• Assignment: Please reproduce the listing verbatim, without its images.

• Provided data:
# # # # # # #
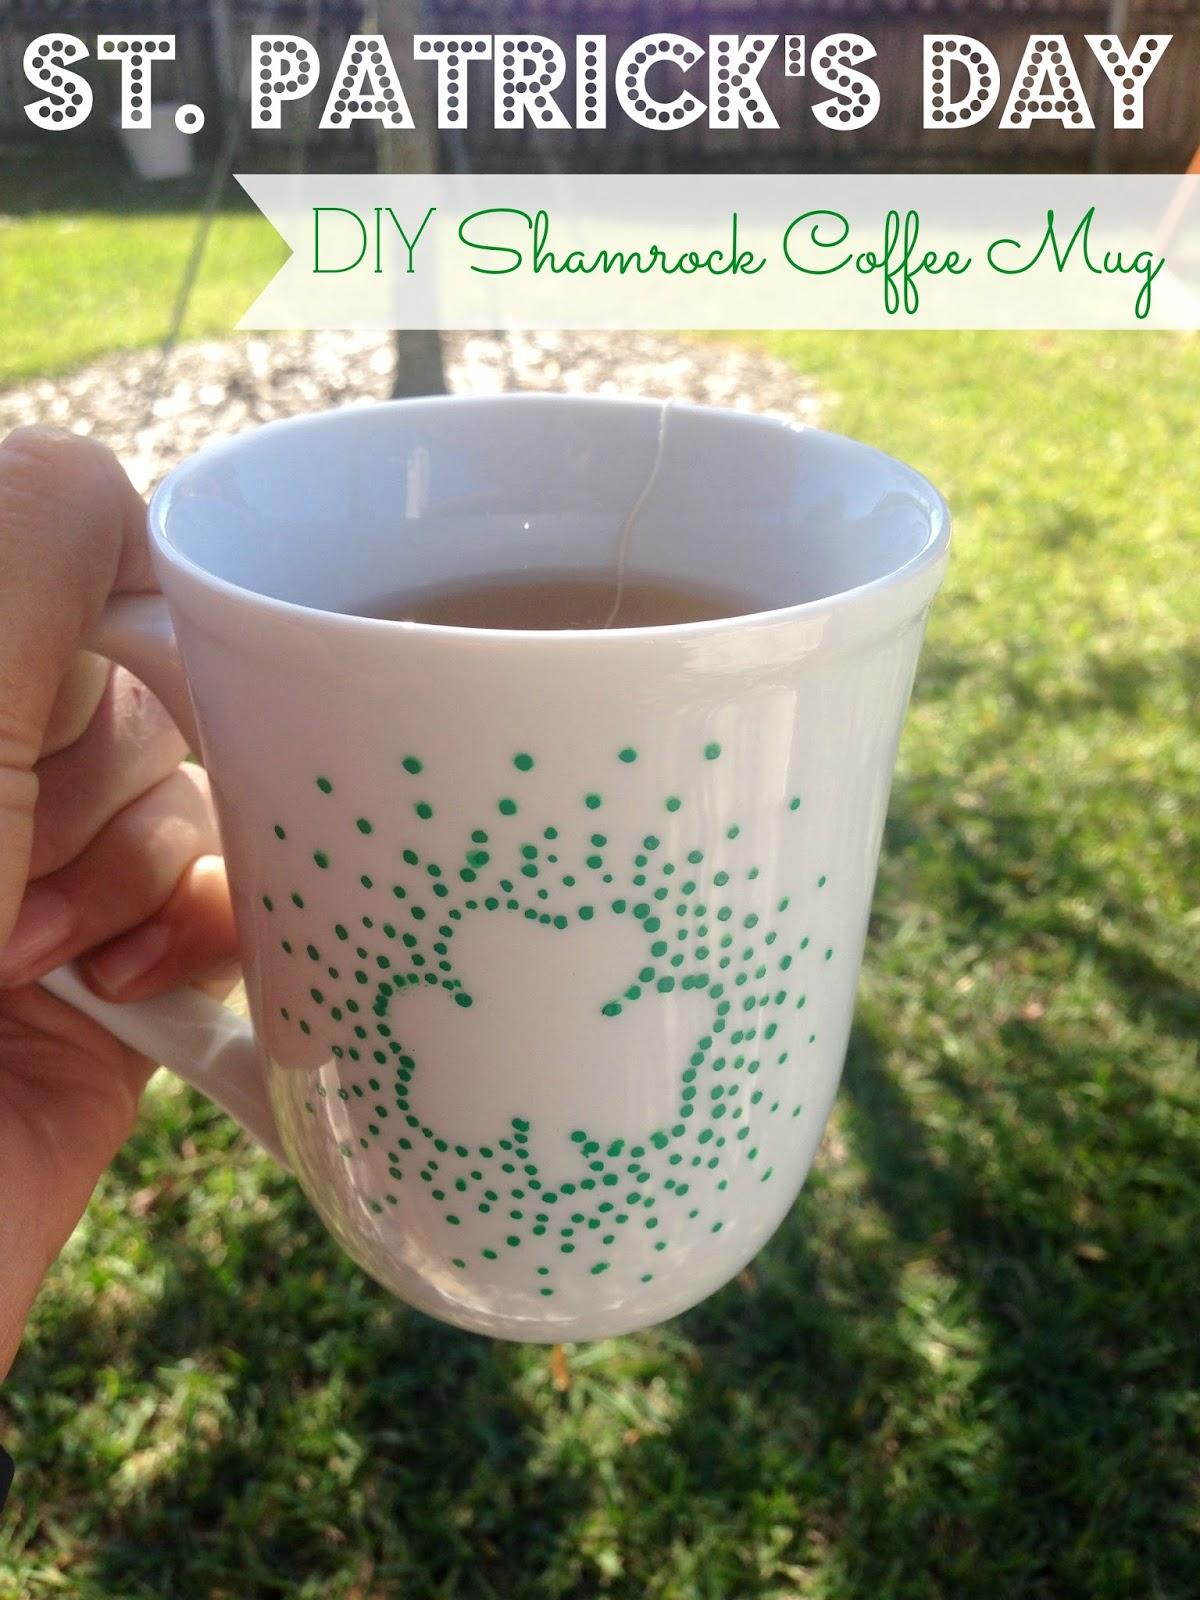 DIY Shamrock Coffee Mug
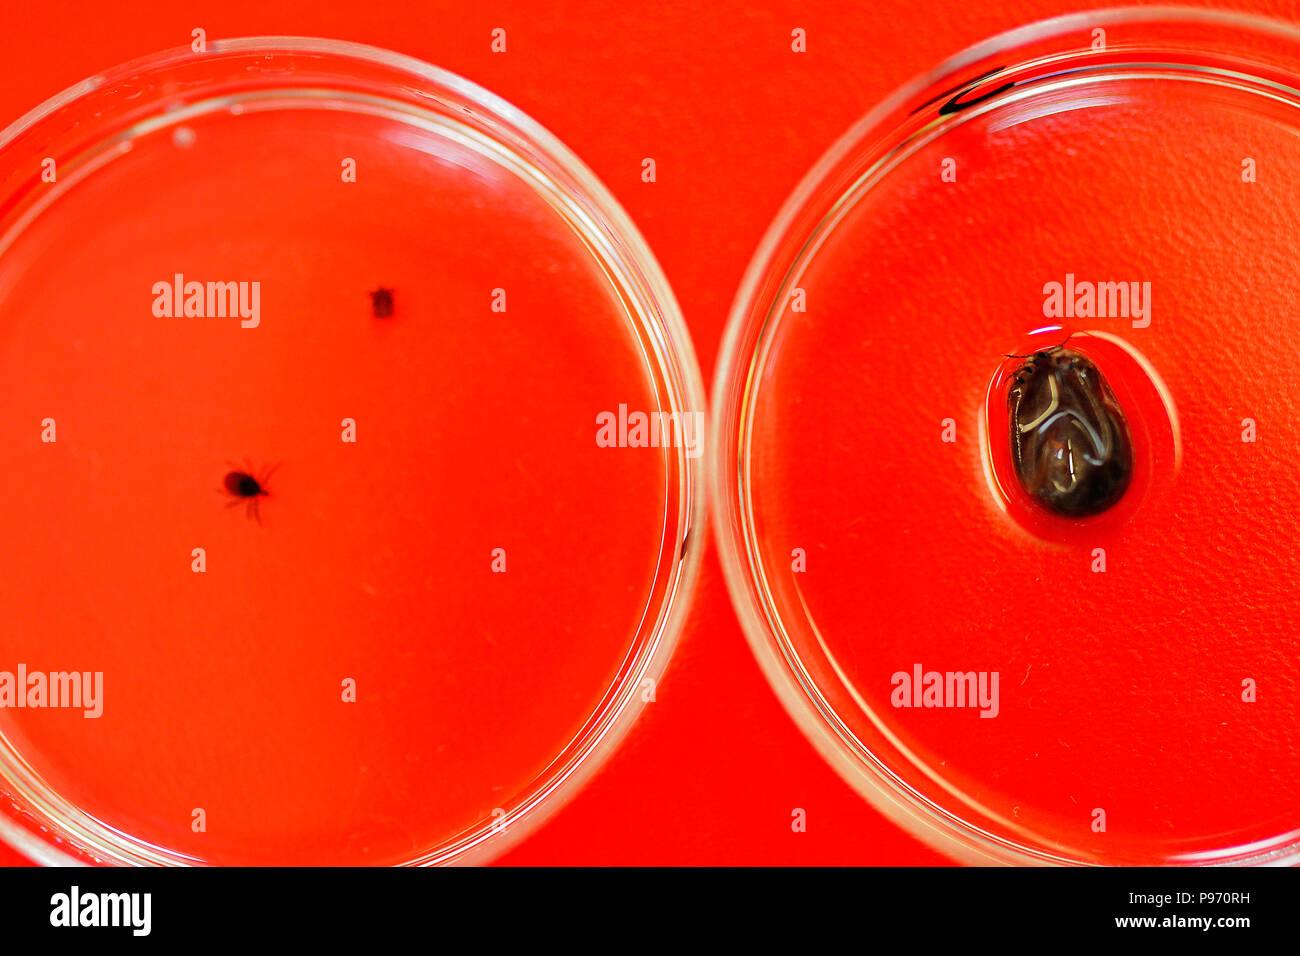 Germany, North Rhine-Westphalia - Chemical Veterinary Examination Office in Krefeld - Stock Image
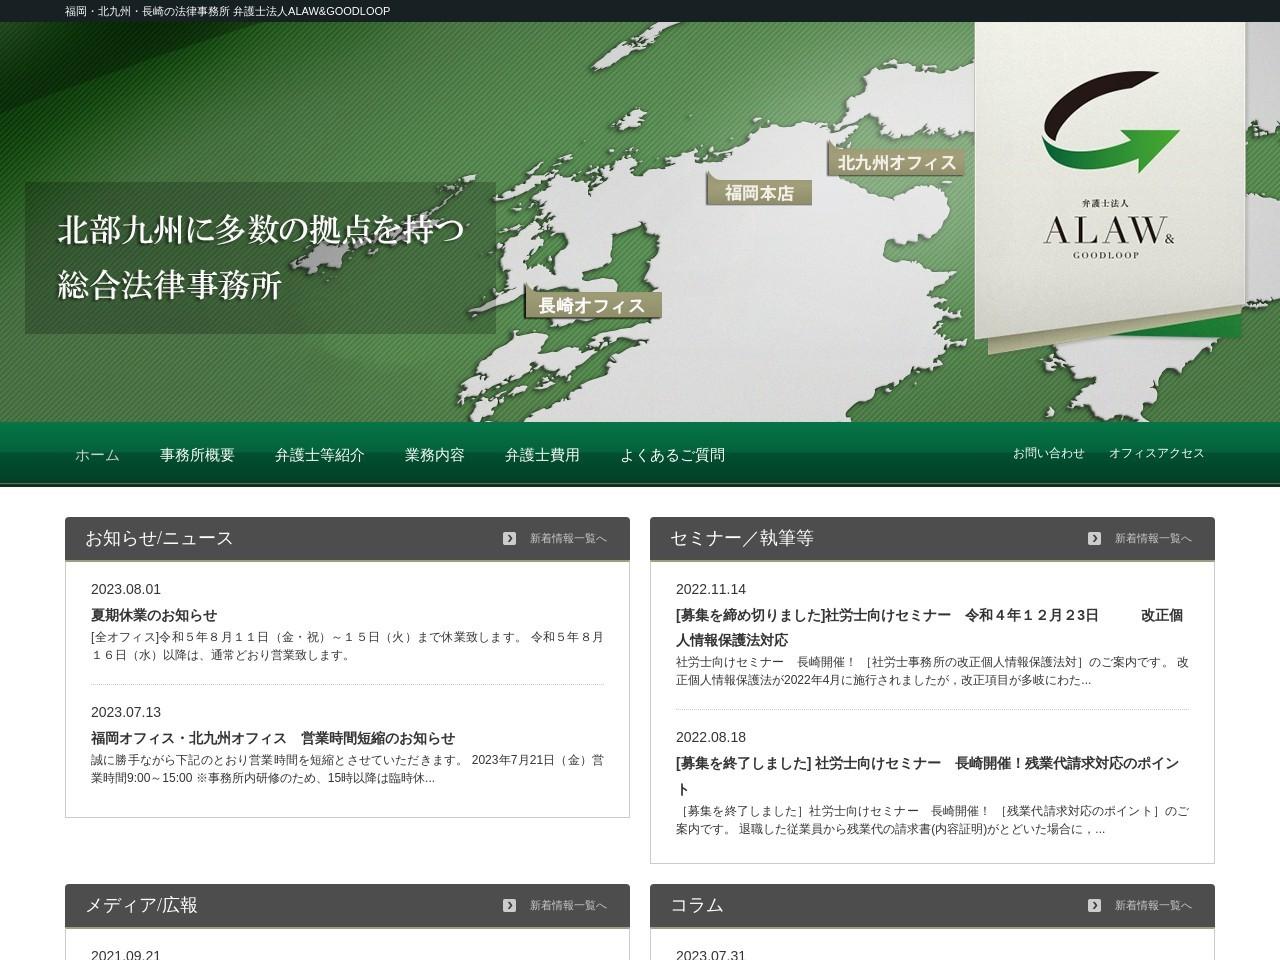 ALAW&GOODLOOP(弁護士法人)長崎オフィス
# # # # # # #
• Written reply:
 DIY Shamrock Coffee Mug
 Germany, North Rhine-Westphalia - Chemical Veterinary Examination Office in Krefeld - Stock Image
 ALAW&GOODLOOP(弁護士法人)長崎オフィス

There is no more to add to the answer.